Za swoją bohaterską postawę nastolatek otrzymał nagrodę 1500 zł od prezydenta Rzeszowa oraz policyjny certyfikat zasłużony dla policji.

– Wyobrażamy sobie, że bohaterowie są w mitologii, a przecież oni są wśród nas i właśnie takim bohaterem jest Mateusz – mówił Tadeusz Ferenc, prezydent Rzeszowa.

– To wspaniały wyczyn, wspaniałe zachowanie młodego człowieka, który podjął odważną decyzję, pomimo, że jego życie było zagrożone, uratował życie innego człowieka. Chociaż wiele razy to powtarzam to jednak powiem raz jeszcze. Mamy w Rzeszowie wspaniałą młodzież i świetnym tego przykładem jest Mateusz, którego tak dobrze wychowała mama – dodawał.

Pod wrażaniem postawy, którą wykazał się 14-latek był również wiceszef rzeszowskiej policji miejskiej Mirosław Wośko, który podkreślił, że policjanci ślubują ochronę i obronę  życia ludzkiego, a Mateusz taką postawą wykazał się bez ślubowania.

– Chciałbym przekazać wyrazy szczerego uznania za bohaterską postawę godną naśladowania. Twoje zachowanie przyczyniło się do uratowania życia i zdrowia ludzkiego – mówił wicekomendant Wośko.

Bądź na bieżąco.

Rzeszów News - Google NewsObserwuj nas na Google News!

– Kiedyś Wisława Szymborska powiedziała: „Tyle o sobie wiemy na ile nas sprawdzono”. Jestem przekonany, że ty już się sprawdziłeś, bo w takich sytuacjach zawsze pomożesz i uratujesz drugiego człowieka. Na ciebie może też liczyć twoja mama w każdej sytuacji – dodawał, podkreślając, że jest mu bardzo wdzięczny za postawę, którą powinien promować nie tylko wśród rówieśników ale też osób dorosłych.

Trzeba dodać, że ten nastoletni bohater to bardzo skromny chłopiec. Jak wielu jego rówieśników kocha piłkę nożną, a jego ulubiony sportowiec to Robert Lewandowski. Czasem trochę rozrabia, ale jak się okazuje, jest to łobuz ze szczerozłotym sercem.

– Mateusza zawsze jest wszędzie pełno, ale w życiu bym się nie spodziewała, że mój syn uratuje życie drugiemu człowiekowi. Ważne, że ten pan żyje i że jemu się nic nie stało – komentuje całą sytuacją Beata Krul, dumna mama.

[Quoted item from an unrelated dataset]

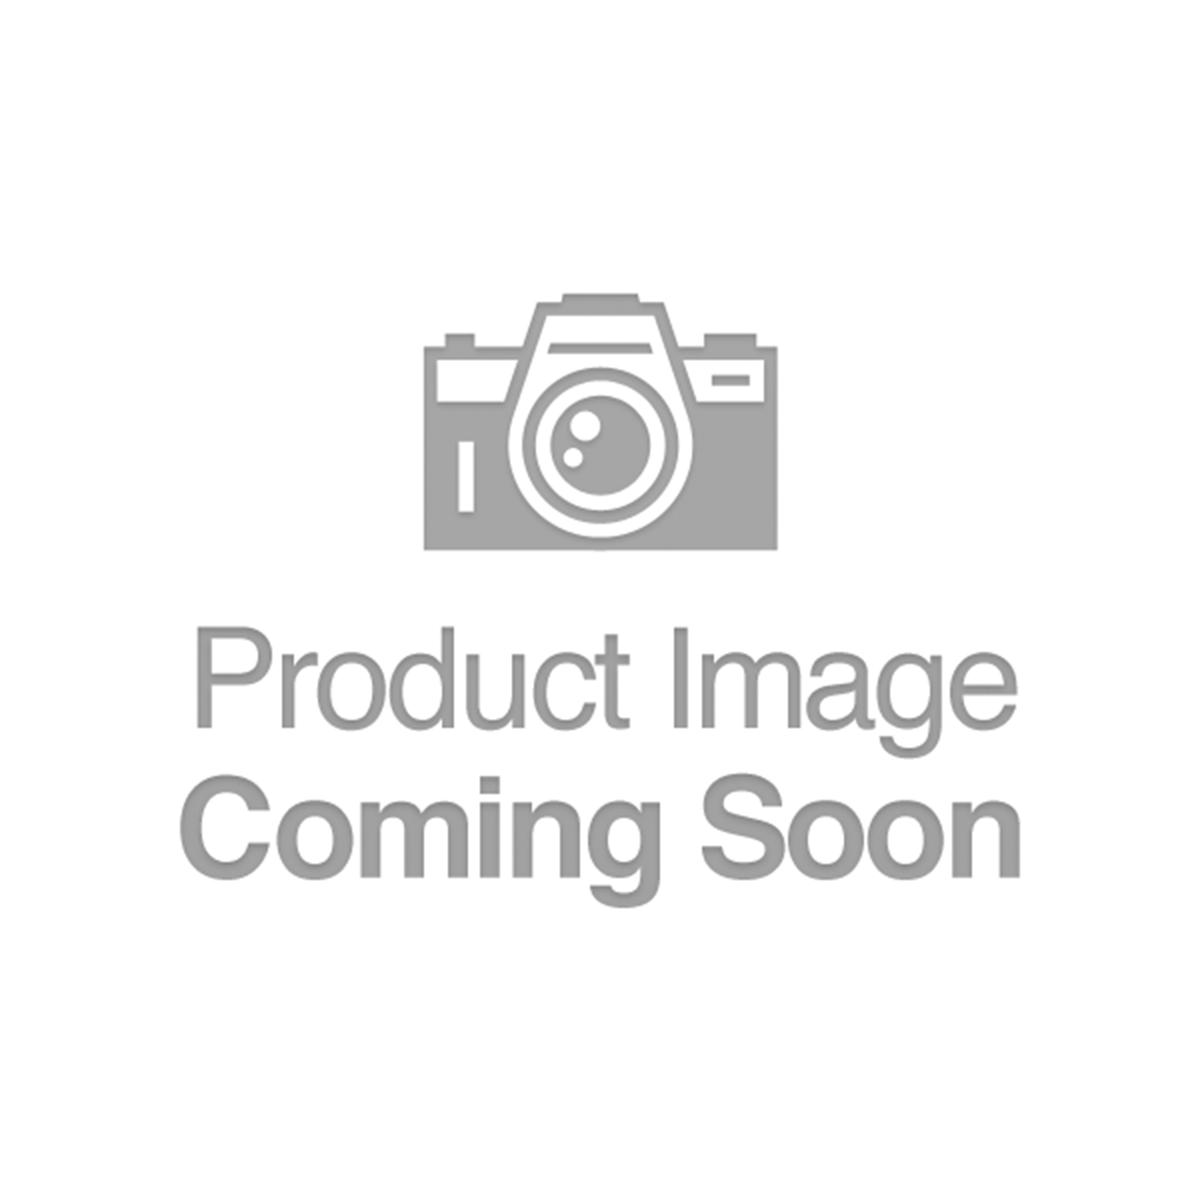 La Moure - North Dakota - CH 9714 - FR 627 - PCGS 12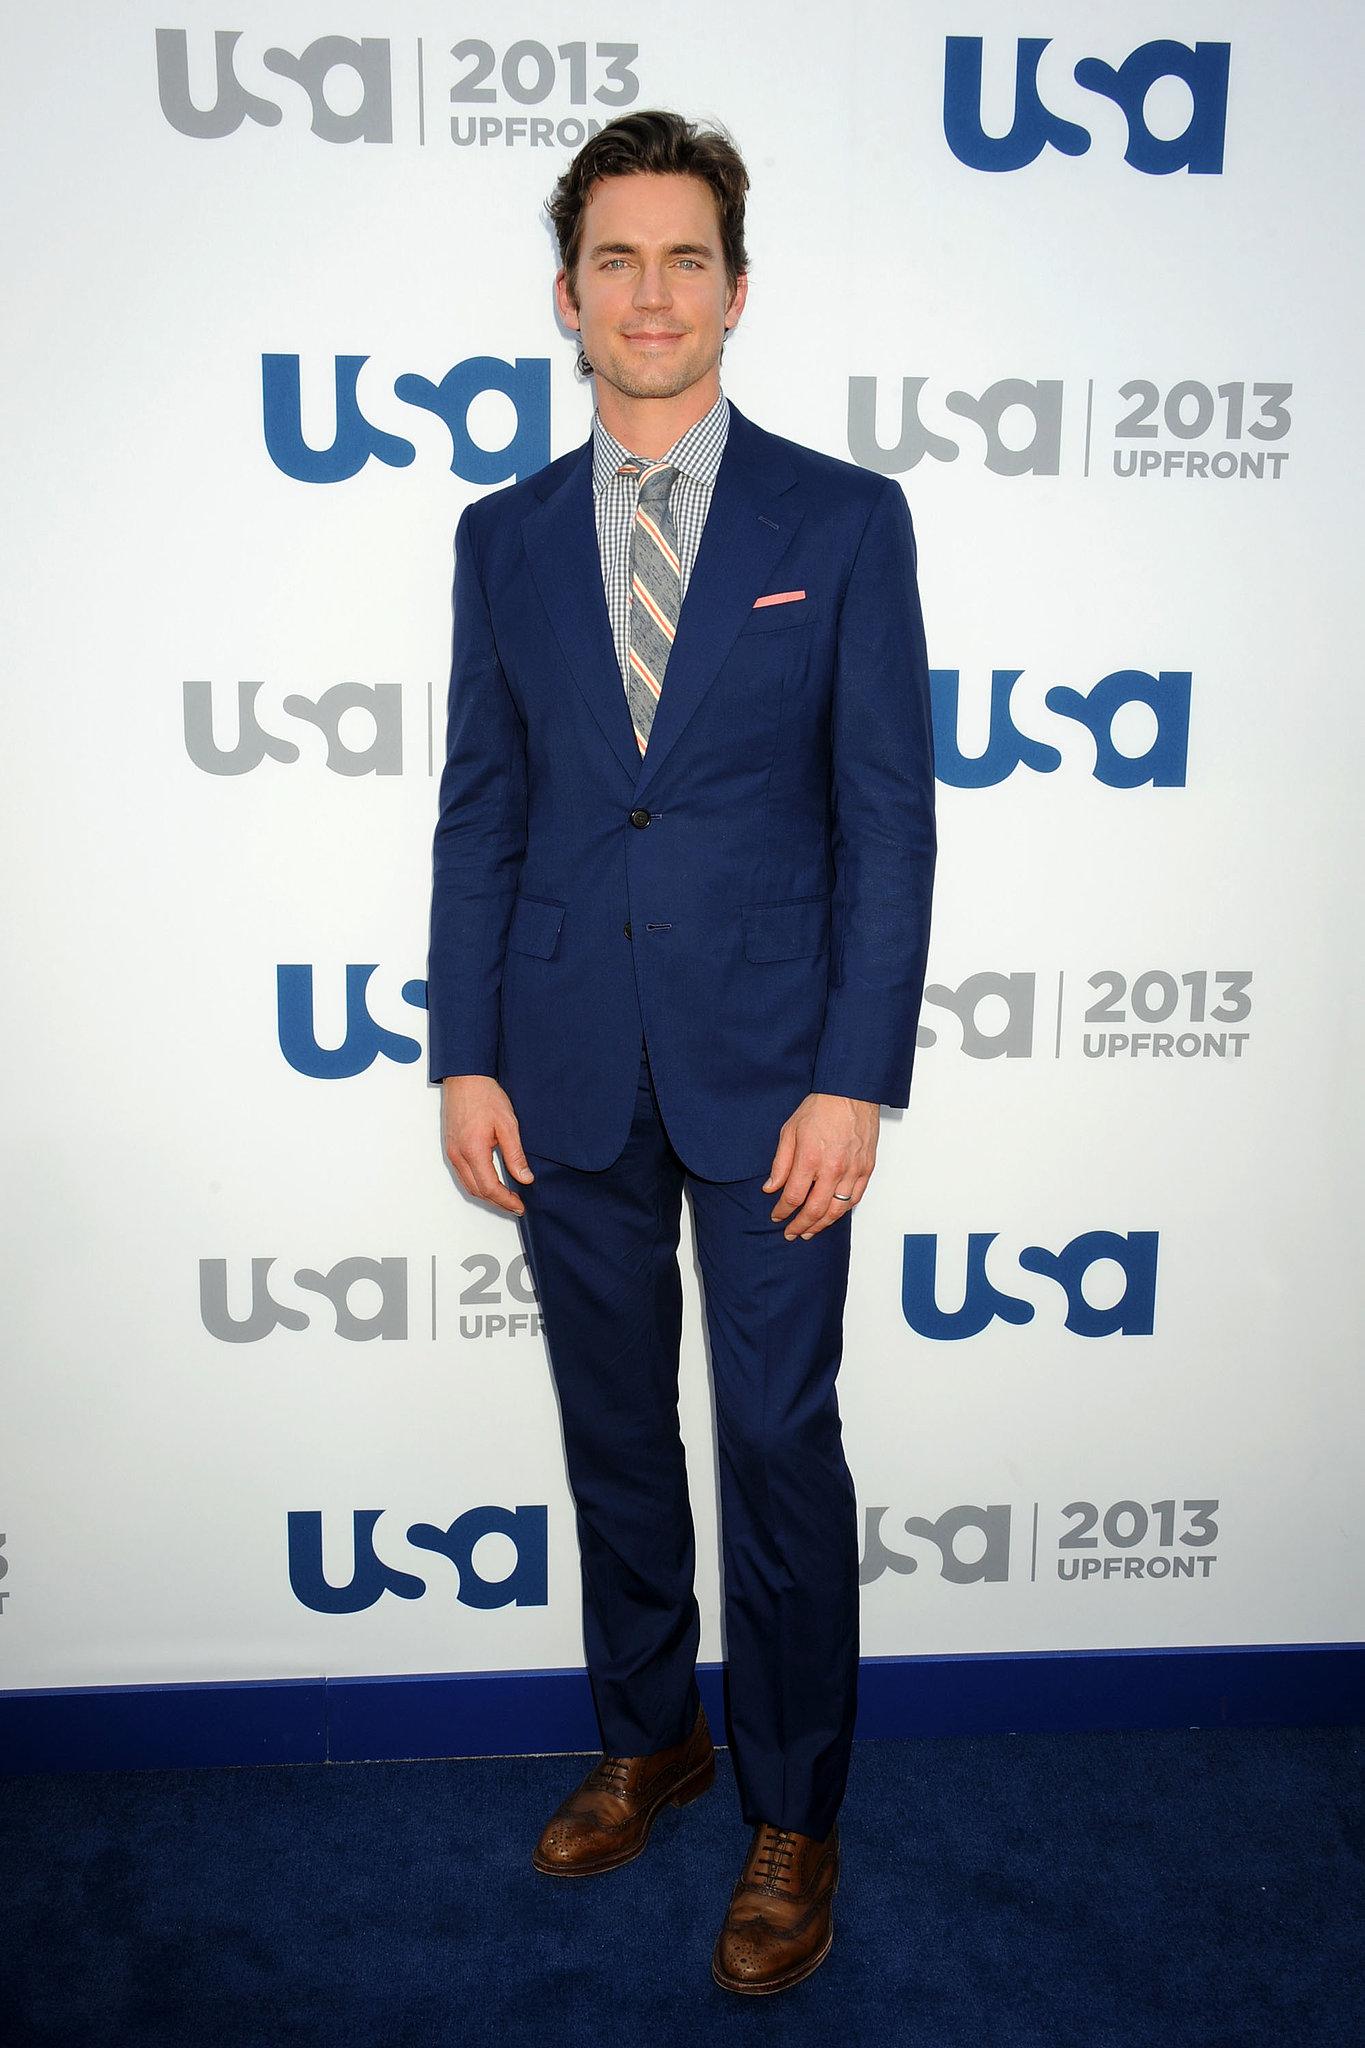 Matt Bomer looked great in a blue suit.

A co na to wszystko nasz  bohater?- Nie jestem nim. Zrobiłem to, co do mnie należało i teraz czuje się z tym świetnie – mówi Mateusz.

List gratulacyjny od policjantów równie dostała mama chłopaka w podziękowaniu za  efekt wysiłków wychowawczych, które zaowocowały u jej syna już w młodym wieku. – Dziękujemy mamie, że wychowała tak wspaniałego syna – dołączał się do gratulacji również Tadeusz Ferenc.

Podziękowania od prezydenta Rzeszowa zostaną również przekazane dyrekcji Szkoły Podstawowej nr 19 w Rzeszowie, do której chodzi Mateusz Krul oraz nauczycielom, którzy przyczyniają się do wychowania chłopca.

29-latek nie miał okazji jeszcze osobiście podziękować Mateuszowi za uratowanie życia, ale pierwsze wyrazy uznania pojawiły się w komentarzach pod naszym tekstem o zdarzeniu.

„Bardzo Dziękuję Mateuszowi, który mnie przy pomocy wędki wyciągnął z wody, i który nie pozostał obojętny na moje wołanie o pomoc. Jego mama ma naprawdę powód do dumy. Jesteś bohaterem” – napisał uratowany i wdzięczny 29-latek.